Clustering
Purpose
Clustering groups cells based on the neighborhood graph built by FindNeighbors().
In Seurat, clustering is usually done with FindClusters().
Clustering is not cell type annotation. It creates data-driven groups that need to be interpreted later with marker genes, metadata, and biological context.
Where It Fits
Typical position:
RunPCA() -> FindNeighbors() -> FindClusters() -> RunUMAP()
After Harmony integration:
RunPCA() -> RunHarmony() -> FindNeighbors() -> FindClusters() -> RunUMAP()
FindClusters() expects a graph that has already been created by FindNeighbors().
Run Clustering
Basic clustering:
seu <- Seurat::FindClusters(
object = seu,
resolution = 0.5,
algorithm = 1,
verbose = TRUE
)resolution controls clustering granularity:
- lower resolution gives fewer, broader clusters
- higher resolution gives more, finer clusters
There is no universally correct resolution. It should be evaluated from the dataset and analysis goal.

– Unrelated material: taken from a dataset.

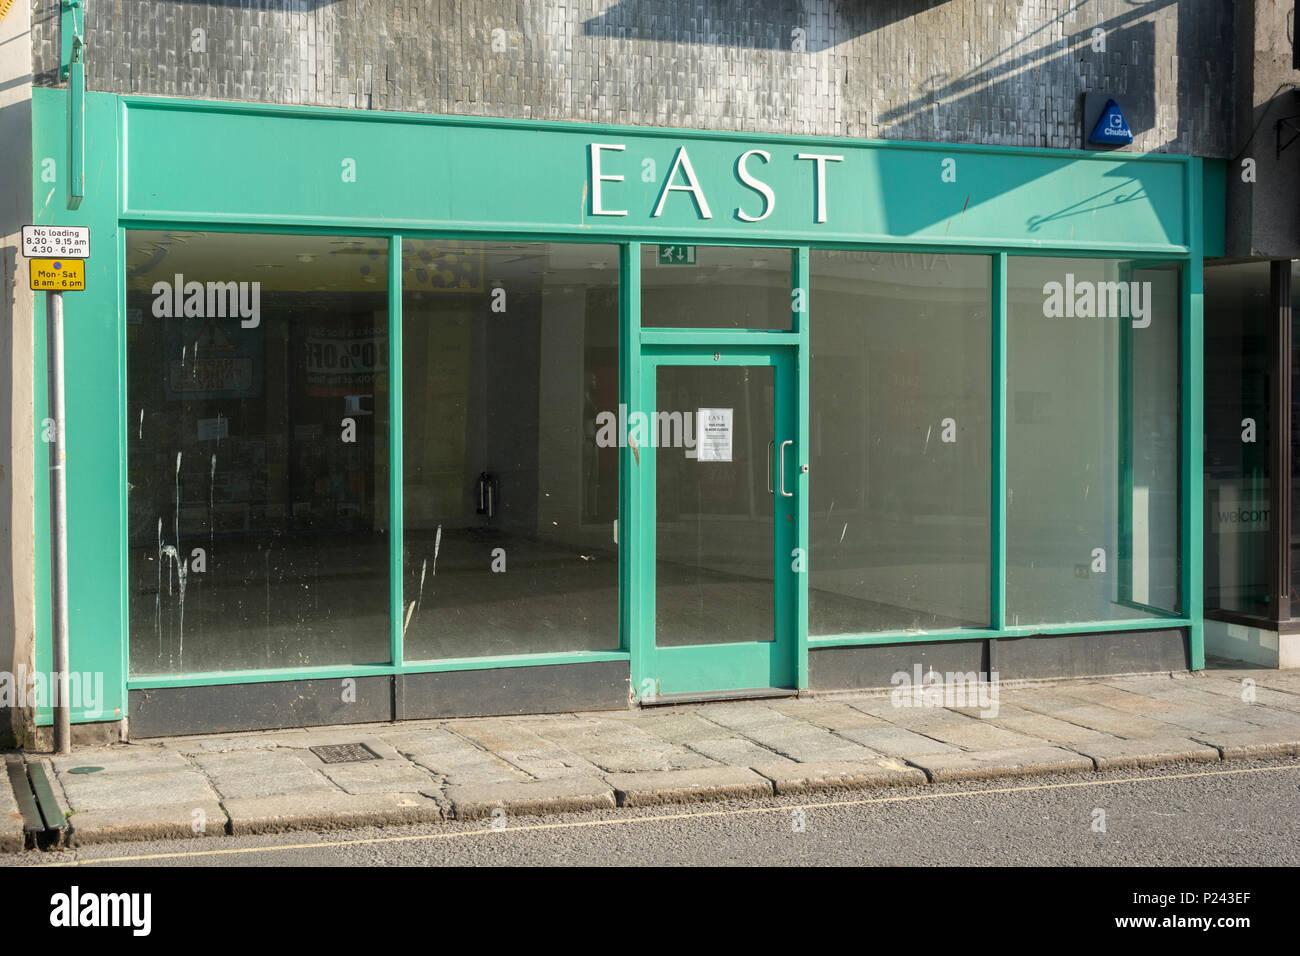 Leer leer Shop vorne in Truro, Cornwall. Metapher für Tod von der High Street, geschlossen, Geschäfte, Rezession, High Street Verschlüsse, leerstehende Geschäfte. Stockbild

algorithm = 1 uses the original Louvain algorithm.
Use A Specific Graph
If the object contains multiple graphs, specify which graph to use.
Check available graphs:
names(seu@graphs)Then cluster on the desired SNN graph:
seu <- Seurat::FindClusters(
object = seu,
graph.name = "SCT_snn",
resolution = 0.5,
algorithm = 1,
verbose = TRUE
)For Harmony workflows, use the graph created from the Harmony reduction:
seu <- Seurat::FindClusters(
object = seu,
graph.name = "harmony_snn",
resolution = 0.5,
algorithm = 1,
verbose = TRUE
)Using graph.name avoids accidentally clustering on an older graph.
Try Multiple Resolutions
It is common to test several resolutions:
resolutions <- c(0.4, 0.6, 0.8, 1.0, 1.4)
seu <- Seurat::FindClusters(
object = seu,
resolution = resolutions,
algorithm = 1,
verbose = TRUE
)Seurat stores each result as a metadata column.
Check clustering columns:
cluster_cols <- grep(
pattern = "snn_res",
x = colnames(seu@meta.data),
value = TRUE
)
cluster_colsCheck the number and size of clusters for each resolution:
graph_prefix <- "SCT_snn"
for (res in resolutions) {
col_name <- paste0(graph_prefix, "_res.", res)
message("Resolution = ", res)
message("Number of clusters: ", length(unique(seu@meta.data[[col_name]])))
print(table(seu@meta.data[[col_name]]))
}Choose one resolution for the working cluster identity:
selected_resolution <- 0.8
selected_col <- paste0(graph_prefix, "_res.", selected_resolution)
Seurat::Idents(seu) <- selected_col
seu$seurat_clusters <- seu@meta.data[[selected_col]]The exact metadata column name depends on the graph used and the resolution value. For CCA/SCT integration this may be integrated_snn; for Harmony this may be harmony_snn if that graph name was set explicitly.
Check Clusters
Check cluster sizes:
table(Seurat::Idents(seu))Check the default clustering column:
head(seu$seurat_clusters)Store a selected clustering result with a clearer name:
seu$cluster_res_0.8 <- Seurat::Idents(seu)This makes later marker detection and plotting less ambiguous.
Algorithm
FindClusters() supports different community detection algorithms.
The default is usually sufficient for routine analysis:
seu <- Seurat::FindClusters(
object = seu,
resolution = 0.5,
algorithm = 1,
verbose = TRUE
)Common values include:
algorithm |
Meaning |
|---|---|
1 |
Louvain |
2 |
Louvain with multilevel refinement |
3 |
SLM |
4 |
Leiden |
Leiden clustering requires the leidenbase package.
Note
Changing dims, reduction, k.param, graph.name, resolution, or algorithm can change clusters.
Choose clustering parameters by checking marker genes, biological interpretability, cluster stability, and whether clusters are over-split or under-split.